- [REQUIRED ACTION]:
Beginning at the line that holds "Украинским вузам ограничат" and continuing to the last line of the data below, transcribe every line word for word, without pictures.

- [RECORDED DATA]:
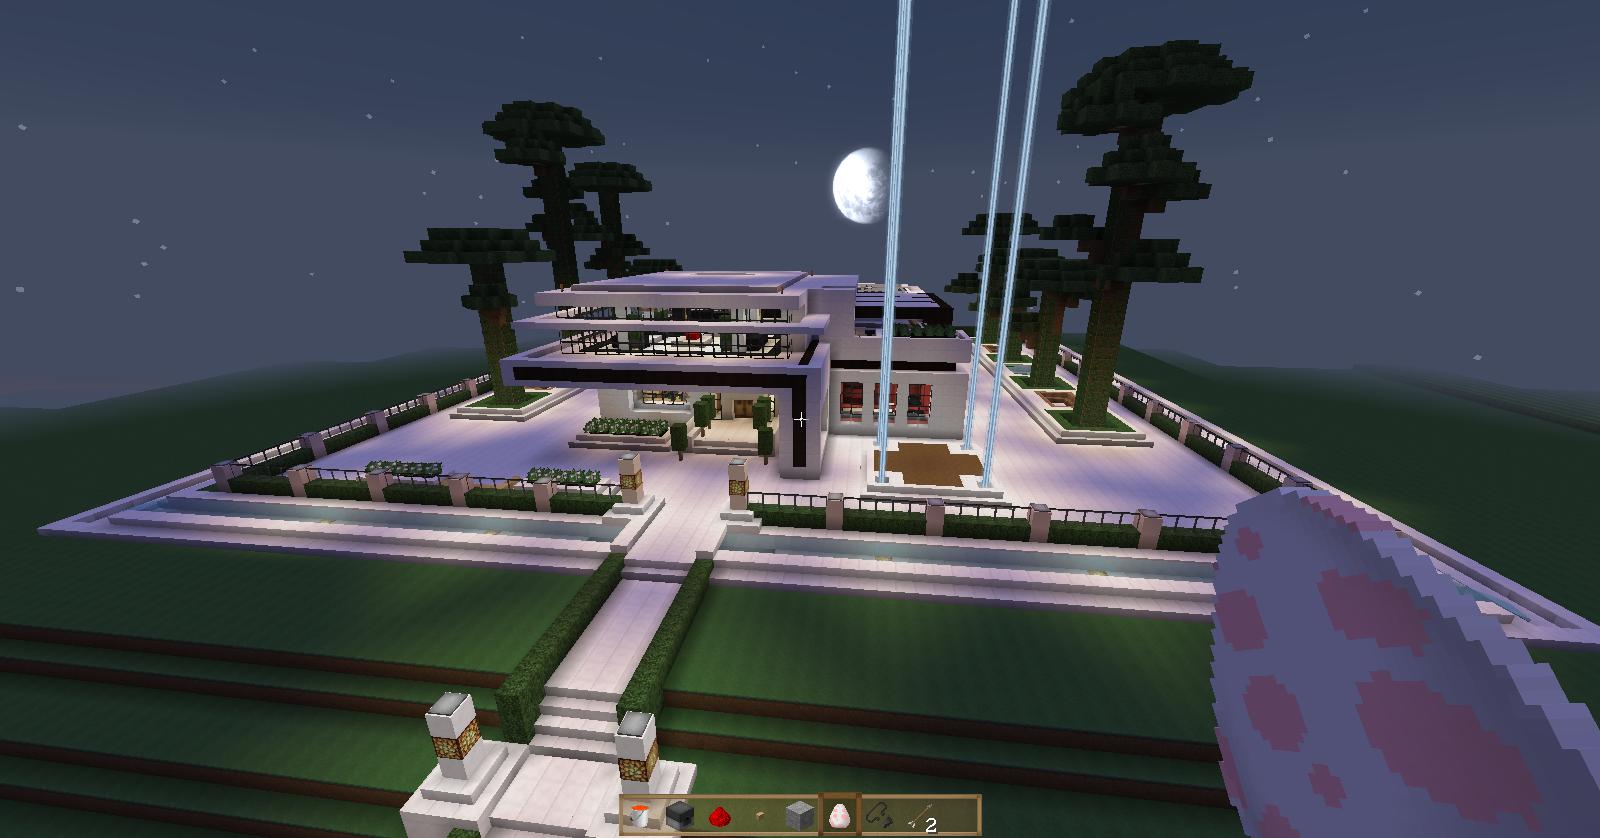 Super casa sue o de cuarzo minecraft schematics for Minecraft casas de lujo
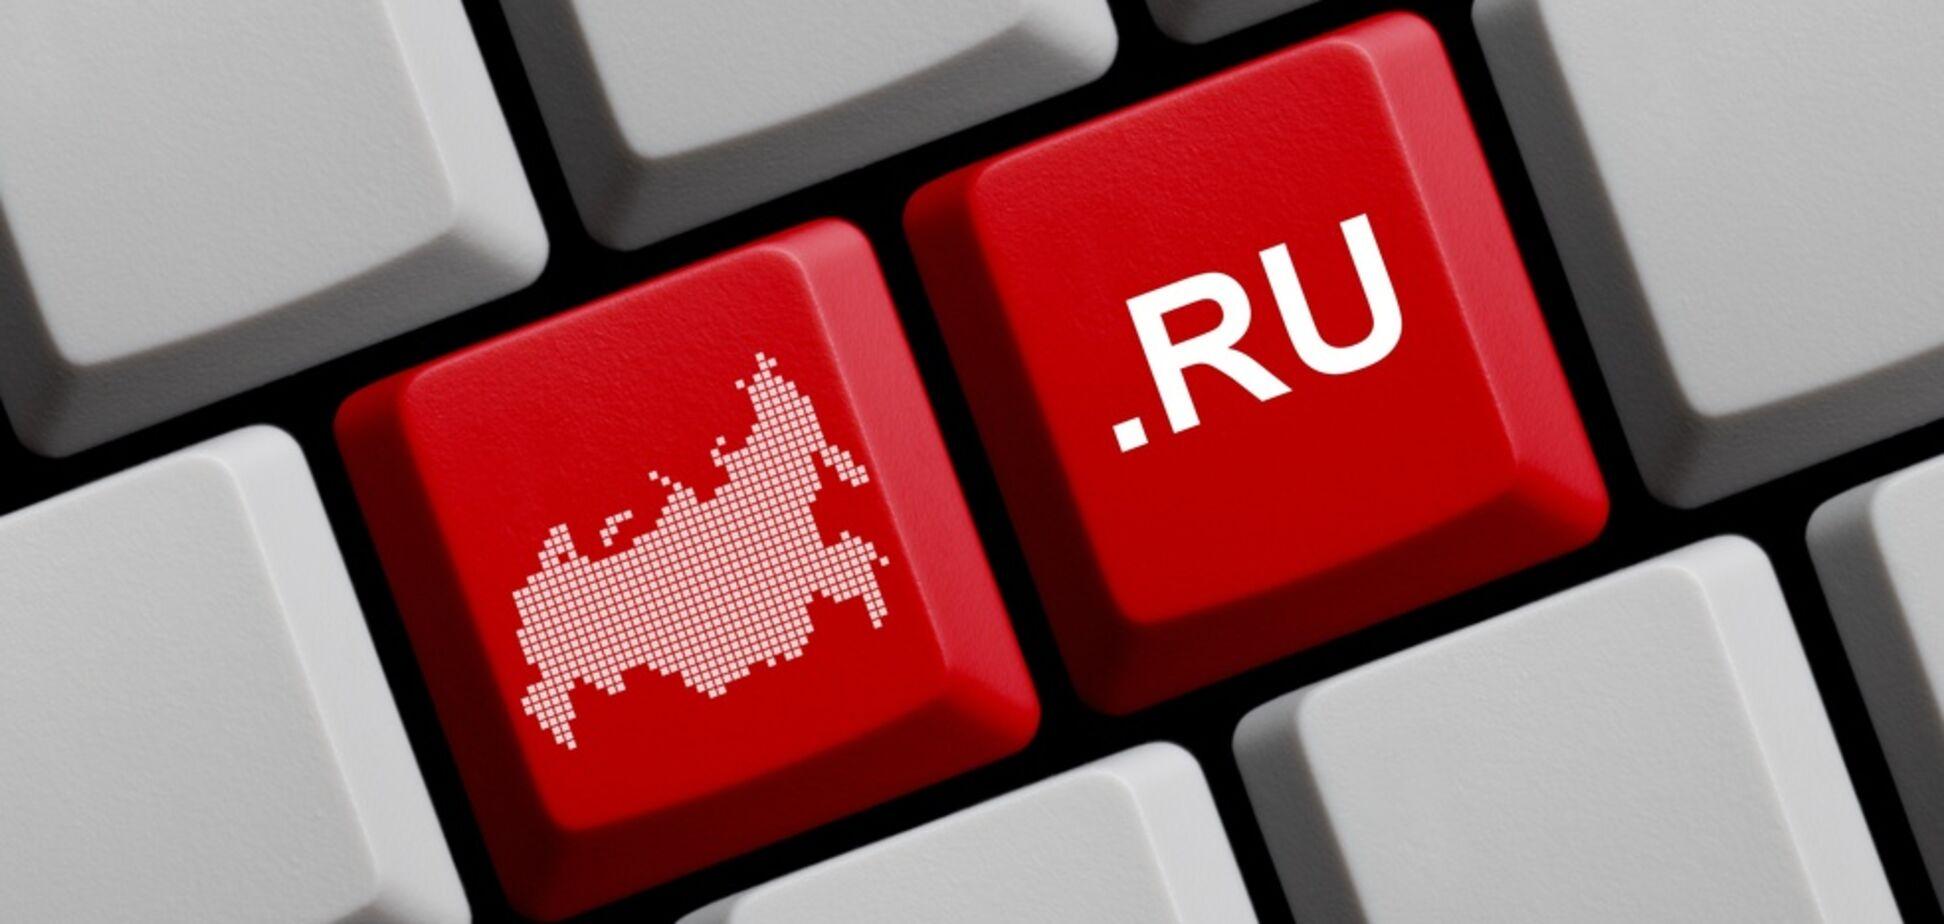 Украинским вузам ограничат доступ к сайтам с доменами '.ru' и '.ру'
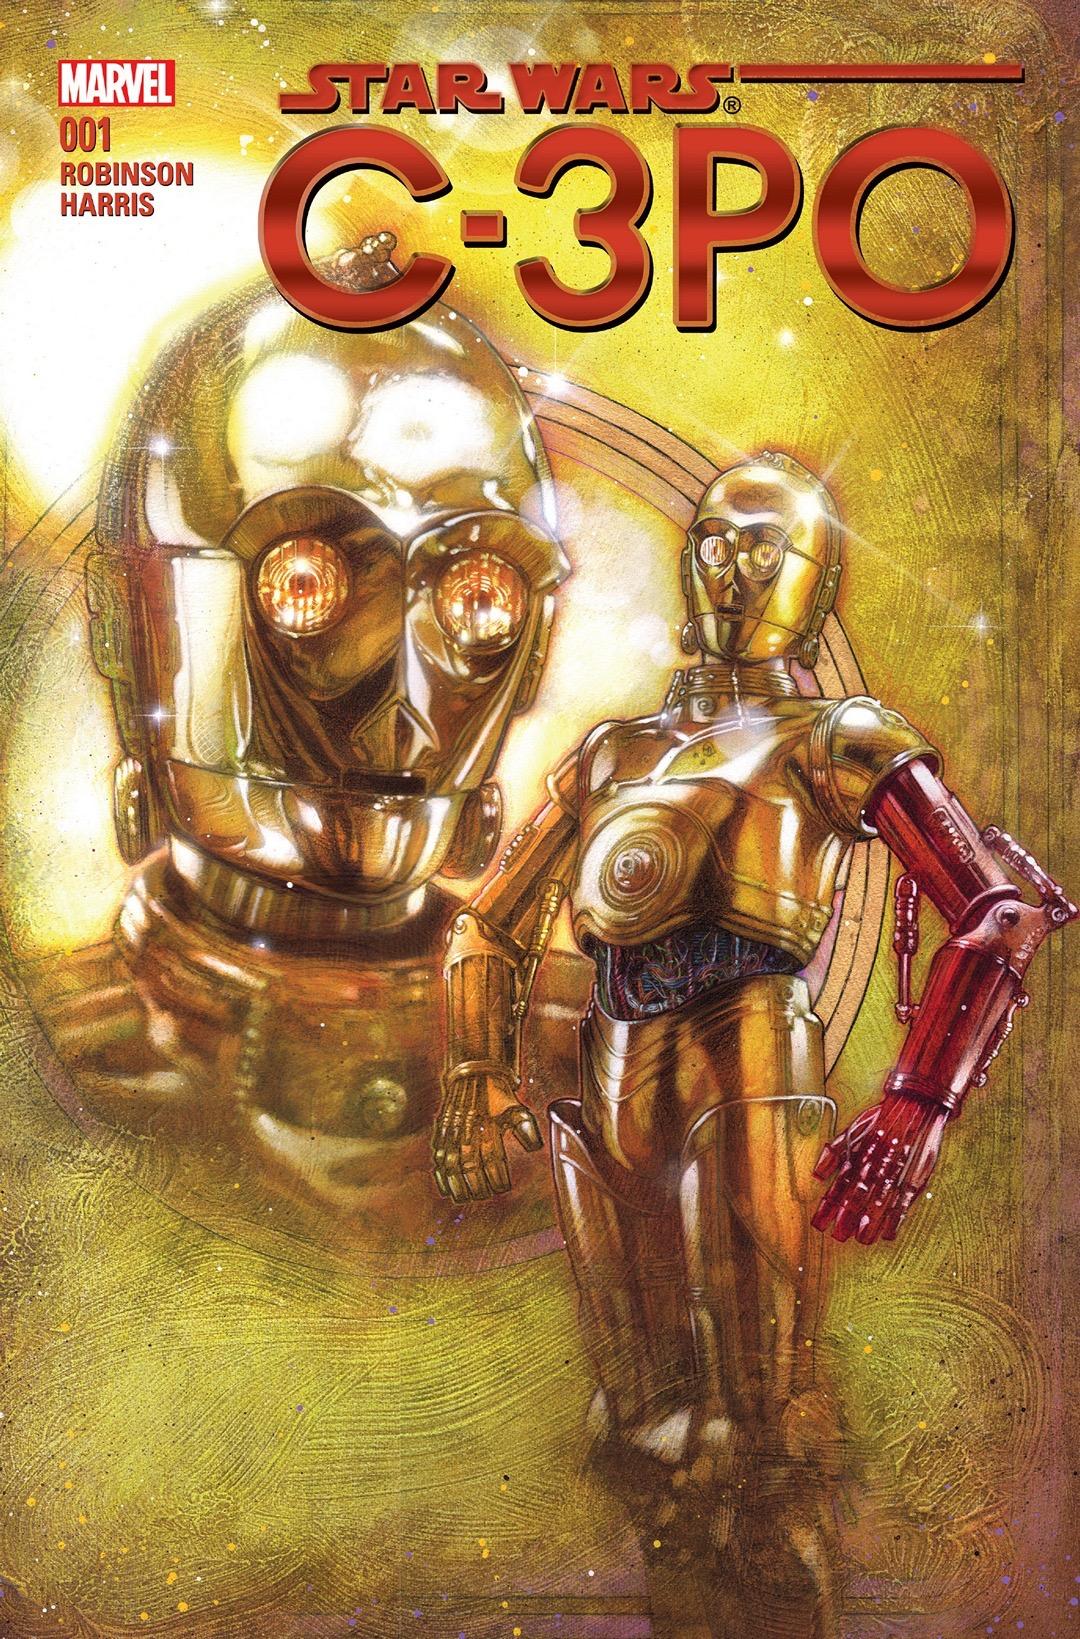 C-3PO cover Marvel regular
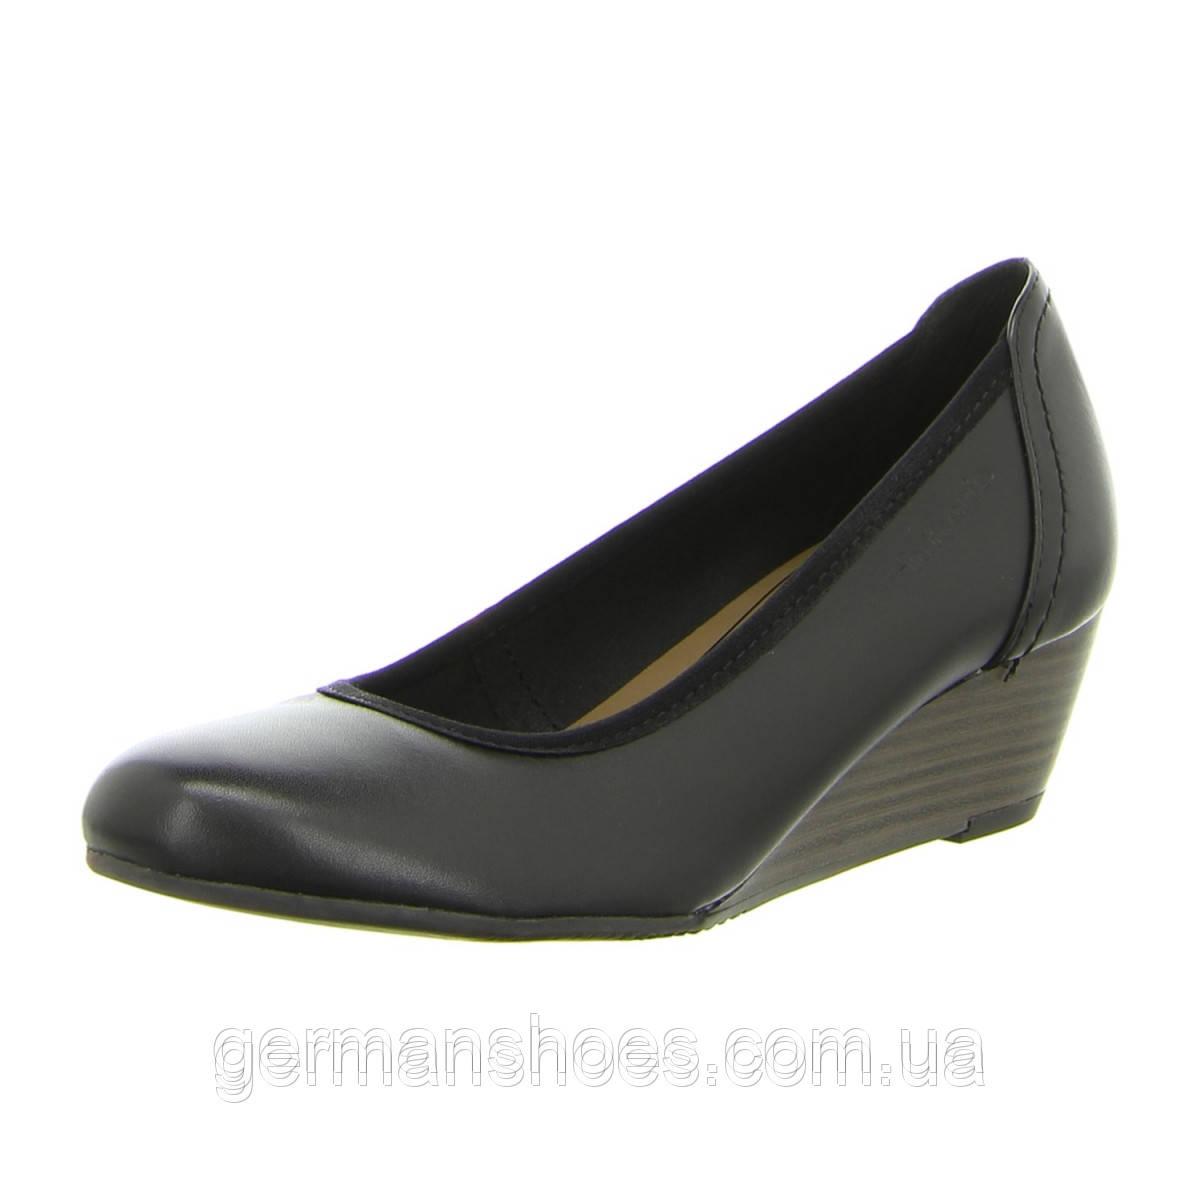 e23e89db1194 Туфли женские Tamaris 22320 20-001 - купить в Харькове,

- [THE ANSWER]:
 Украинским вузам ограничат доступ к сайтам с доменами '.ru' и '.ру'
 C-3PO cover Marvel regular
 e23e89db1194 Туфли женские Tamaris 22320 20-001 - купить в Харькове,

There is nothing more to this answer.